▶ Stored items from a collection
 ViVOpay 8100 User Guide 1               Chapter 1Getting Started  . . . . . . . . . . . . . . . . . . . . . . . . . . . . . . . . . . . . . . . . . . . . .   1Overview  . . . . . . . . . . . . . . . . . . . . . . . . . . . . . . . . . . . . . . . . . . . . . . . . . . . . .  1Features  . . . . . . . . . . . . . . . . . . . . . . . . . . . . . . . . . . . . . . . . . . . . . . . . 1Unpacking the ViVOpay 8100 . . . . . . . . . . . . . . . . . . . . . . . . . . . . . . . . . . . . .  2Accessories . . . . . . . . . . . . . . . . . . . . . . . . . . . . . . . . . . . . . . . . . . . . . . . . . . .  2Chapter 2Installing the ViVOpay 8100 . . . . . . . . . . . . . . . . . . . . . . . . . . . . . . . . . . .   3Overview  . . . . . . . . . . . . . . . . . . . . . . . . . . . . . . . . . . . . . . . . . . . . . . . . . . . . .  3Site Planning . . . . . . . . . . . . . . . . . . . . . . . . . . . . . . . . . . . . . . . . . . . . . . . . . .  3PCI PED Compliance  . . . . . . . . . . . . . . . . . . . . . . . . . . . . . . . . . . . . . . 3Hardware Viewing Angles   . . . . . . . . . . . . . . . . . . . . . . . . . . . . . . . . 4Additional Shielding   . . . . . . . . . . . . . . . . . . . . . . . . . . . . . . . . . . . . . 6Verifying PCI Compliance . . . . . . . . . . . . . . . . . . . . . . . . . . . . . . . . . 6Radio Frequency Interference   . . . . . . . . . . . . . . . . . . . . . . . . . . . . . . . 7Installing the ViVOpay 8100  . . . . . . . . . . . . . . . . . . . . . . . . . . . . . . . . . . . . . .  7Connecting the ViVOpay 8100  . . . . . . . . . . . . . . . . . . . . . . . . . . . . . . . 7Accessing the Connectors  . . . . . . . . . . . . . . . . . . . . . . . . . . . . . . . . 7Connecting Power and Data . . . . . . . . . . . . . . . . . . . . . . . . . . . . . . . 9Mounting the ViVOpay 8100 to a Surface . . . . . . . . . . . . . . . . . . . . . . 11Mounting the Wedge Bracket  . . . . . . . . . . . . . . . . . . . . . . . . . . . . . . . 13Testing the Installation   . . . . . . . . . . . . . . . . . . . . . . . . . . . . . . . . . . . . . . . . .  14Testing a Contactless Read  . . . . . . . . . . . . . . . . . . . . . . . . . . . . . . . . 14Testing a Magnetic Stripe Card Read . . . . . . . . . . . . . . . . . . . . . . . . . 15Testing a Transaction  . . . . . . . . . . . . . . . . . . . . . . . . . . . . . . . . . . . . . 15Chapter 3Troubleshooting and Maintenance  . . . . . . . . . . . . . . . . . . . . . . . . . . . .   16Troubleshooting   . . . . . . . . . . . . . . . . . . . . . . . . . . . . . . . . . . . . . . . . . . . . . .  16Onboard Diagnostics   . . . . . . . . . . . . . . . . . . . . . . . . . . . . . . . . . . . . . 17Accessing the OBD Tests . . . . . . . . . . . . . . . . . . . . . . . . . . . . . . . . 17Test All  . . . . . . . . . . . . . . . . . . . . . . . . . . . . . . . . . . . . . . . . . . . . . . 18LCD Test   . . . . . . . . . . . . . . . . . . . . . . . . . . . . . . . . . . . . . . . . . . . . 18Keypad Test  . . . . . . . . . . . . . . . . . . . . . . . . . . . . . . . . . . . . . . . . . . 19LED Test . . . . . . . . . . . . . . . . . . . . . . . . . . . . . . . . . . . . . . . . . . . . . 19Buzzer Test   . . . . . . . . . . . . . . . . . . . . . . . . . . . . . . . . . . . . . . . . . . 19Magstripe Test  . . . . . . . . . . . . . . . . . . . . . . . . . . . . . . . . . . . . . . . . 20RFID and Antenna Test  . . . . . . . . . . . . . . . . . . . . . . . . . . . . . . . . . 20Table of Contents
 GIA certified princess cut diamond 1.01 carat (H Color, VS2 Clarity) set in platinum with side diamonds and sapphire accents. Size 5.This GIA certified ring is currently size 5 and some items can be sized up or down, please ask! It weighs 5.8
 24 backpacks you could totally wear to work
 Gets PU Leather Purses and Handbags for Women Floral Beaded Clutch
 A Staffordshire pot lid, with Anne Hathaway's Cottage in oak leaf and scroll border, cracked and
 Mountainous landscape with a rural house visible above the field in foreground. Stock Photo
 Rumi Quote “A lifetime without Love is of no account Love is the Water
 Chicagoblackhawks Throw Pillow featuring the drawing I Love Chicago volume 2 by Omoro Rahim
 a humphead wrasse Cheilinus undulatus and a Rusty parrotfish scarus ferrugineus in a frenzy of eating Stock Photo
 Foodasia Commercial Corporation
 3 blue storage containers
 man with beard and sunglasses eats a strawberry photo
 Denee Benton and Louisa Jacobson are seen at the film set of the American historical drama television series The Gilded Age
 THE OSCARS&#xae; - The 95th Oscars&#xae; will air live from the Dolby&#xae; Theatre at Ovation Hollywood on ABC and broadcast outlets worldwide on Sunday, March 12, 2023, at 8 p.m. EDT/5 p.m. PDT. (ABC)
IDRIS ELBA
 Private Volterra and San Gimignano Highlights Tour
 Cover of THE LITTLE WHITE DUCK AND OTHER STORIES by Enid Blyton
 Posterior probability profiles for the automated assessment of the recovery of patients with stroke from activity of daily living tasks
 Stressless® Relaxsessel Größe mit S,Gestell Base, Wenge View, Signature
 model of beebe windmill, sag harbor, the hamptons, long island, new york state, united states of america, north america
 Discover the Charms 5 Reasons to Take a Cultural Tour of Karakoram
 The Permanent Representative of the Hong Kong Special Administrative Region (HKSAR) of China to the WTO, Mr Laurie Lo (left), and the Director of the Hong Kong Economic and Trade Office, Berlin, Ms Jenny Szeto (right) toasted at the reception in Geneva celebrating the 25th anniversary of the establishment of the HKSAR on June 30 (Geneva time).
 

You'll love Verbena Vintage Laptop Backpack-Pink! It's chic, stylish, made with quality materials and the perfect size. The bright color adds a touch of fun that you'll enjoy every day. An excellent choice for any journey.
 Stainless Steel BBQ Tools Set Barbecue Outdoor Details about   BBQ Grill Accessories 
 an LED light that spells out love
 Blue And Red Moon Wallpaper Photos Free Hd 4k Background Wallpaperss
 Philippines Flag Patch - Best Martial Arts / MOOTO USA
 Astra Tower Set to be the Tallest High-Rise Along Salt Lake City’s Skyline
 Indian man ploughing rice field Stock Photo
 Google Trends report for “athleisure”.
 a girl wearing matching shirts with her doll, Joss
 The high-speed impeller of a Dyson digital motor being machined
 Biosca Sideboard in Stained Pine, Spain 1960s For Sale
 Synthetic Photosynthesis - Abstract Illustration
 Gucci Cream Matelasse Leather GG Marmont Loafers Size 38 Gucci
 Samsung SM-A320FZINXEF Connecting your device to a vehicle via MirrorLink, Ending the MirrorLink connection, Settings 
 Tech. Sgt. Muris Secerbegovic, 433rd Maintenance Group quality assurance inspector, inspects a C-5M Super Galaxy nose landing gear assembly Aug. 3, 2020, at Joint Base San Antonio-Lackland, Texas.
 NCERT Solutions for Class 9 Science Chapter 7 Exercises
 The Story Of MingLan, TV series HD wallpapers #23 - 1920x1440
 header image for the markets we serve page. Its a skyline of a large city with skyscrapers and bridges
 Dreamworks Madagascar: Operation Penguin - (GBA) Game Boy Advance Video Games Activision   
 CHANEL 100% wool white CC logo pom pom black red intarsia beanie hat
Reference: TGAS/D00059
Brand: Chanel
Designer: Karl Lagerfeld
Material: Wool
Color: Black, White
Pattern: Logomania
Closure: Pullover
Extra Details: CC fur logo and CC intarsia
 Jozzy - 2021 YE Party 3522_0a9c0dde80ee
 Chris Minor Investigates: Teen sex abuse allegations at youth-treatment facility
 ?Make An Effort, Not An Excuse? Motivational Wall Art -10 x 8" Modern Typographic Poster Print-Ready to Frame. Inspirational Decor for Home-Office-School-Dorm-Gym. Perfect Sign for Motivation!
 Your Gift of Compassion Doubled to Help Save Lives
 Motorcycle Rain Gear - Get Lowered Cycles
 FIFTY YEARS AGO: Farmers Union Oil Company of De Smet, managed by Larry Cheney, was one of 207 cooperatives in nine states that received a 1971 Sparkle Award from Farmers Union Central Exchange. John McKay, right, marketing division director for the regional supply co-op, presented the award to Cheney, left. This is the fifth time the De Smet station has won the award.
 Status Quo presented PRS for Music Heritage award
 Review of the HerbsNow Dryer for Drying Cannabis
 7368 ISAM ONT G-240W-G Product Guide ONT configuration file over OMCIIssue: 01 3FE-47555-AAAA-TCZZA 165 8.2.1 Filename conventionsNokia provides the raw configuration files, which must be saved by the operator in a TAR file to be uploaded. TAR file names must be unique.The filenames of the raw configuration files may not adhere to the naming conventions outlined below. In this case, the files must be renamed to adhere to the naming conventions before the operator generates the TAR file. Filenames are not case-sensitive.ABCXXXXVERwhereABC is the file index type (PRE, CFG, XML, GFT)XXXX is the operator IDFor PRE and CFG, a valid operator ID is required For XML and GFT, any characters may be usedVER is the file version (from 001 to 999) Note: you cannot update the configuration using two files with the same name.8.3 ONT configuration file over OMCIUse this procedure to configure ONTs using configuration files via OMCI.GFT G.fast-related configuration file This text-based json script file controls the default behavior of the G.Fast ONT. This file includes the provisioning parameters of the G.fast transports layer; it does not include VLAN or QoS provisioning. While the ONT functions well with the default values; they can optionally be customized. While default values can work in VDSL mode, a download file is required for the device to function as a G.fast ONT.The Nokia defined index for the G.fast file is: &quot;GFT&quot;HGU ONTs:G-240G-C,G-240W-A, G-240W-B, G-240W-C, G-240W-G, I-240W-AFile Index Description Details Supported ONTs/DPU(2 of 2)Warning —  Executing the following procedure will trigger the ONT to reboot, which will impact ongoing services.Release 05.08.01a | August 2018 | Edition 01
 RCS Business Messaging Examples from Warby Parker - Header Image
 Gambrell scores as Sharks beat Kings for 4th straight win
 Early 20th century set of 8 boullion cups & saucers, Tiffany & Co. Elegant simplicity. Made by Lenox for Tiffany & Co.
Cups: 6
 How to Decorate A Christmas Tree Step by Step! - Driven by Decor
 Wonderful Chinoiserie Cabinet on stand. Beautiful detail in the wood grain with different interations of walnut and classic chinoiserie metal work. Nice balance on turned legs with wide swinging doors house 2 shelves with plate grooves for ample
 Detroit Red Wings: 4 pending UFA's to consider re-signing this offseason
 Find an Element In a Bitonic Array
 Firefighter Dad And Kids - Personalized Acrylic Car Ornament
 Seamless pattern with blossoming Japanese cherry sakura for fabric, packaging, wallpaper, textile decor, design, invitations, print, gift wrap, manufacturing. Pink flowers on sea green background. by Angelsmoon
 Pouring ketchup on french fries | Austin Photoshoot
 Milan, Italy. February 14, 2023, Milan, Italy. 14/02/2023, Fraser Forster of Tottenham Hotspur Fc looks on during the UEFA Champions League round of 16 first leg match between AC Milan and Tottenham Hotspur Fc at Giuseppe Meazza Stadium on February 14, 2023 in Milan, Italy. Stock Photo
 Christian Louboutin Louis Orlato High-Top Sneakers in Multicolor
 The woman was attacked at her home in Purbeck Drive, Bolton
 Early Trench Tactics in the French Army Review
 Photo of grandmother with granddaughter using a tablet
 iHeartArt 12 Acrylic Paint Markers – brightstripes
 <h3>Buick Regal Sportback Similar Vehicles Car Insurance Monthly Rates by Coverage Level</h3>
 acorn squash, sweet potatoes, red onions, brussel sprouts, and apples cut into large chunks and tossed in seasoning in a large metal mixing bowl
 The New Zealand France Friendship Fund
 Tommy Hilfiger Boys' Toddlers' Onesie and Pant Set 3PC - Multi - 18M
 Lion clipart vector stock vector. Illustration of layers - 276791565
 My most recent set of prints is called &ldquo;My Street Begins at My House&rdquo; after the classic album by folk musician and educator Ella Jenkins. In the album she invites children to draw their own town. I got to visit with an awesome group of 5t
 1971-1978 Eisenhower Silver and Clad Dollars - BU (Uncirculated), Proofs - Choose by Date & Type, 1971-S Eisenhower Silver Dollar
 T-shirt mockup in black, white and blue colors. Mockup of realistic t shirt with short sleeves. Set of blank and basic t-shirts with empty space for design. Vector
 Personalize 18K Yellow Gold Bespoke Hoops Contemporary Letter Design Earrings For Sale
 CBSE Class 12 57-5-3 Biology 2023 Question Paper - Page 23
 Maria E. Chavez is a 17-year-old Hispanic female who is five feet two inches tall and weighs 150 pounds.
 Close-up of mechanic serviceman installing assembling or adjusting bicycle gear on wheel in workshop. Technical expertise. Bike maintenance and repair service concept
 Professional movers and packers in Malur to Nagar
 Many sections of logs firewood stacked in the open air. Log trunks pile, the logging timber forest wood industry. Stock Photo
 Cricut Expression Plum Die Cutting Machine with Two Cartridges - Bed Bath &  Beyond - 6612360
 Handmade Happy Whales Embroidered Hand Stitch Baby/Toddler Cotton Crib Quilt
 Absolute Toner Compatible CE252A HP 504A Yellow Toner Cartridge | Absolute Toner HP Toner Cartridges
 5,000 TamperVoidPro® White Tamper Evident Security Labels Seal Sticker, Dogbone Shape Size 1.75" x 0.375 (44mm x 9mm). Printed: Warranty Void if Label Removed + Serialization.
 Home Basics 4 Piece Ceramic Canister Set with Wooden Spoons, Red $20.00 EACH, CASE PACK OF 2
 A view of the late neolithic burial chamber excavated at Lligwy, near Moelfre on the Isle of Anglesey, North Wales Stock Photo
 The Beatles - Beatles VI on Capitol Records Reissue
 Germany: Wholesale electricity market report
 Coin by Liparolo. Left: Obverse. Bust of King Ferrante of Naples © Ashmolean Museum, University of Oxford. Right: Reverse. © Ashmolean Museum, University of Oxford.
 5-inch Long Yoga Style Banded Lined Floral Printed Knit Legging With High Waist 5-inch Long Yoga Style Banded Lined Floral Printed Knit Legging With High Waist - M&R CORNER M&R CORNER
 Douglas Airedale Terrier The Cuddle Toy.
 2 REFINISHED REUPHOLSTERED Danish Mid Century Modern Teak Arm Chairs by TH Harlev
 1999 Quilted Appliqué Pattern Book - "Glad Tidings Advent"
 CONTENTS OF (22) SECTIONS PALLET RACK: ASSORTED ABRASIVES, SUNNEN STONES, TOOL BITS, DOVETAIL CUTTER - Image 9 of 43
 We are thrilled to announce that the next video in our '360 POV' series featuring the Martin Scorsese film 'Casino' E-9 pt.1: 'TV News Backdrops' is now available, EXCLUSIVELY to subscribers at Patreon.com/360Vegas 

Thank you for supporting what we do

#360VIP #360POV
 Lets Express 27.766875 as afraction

▶ The problem
What you give back should be exactly the lines of the data above from the line with "Dreamworks Madagascar: Operation" through the line with "Chris Minor Investigates: Teen", both of those included, and nothing more.

▶ Response area
 Dreamworks Madagascar: Operation Penguin - (GBA) Game Boy Advance Video Games Activision   
 CHANEL 100% wool white CC logo pom pom black red intarsia beanie hat
Reference: TGAS/D00059
Brand: Chanel
Designer: Karl Lagerfeld
Material: Wool
Color: Black, White
Pattern: Logomania
Closure: Pullover
Extra Details: CC fur logo and CC intarsia
 Jozzy - 2021 YE Party 3522_0a9c0dde80ee
 Chris Minor Investigates: Teen sex abuse allegations at youth-treatment facility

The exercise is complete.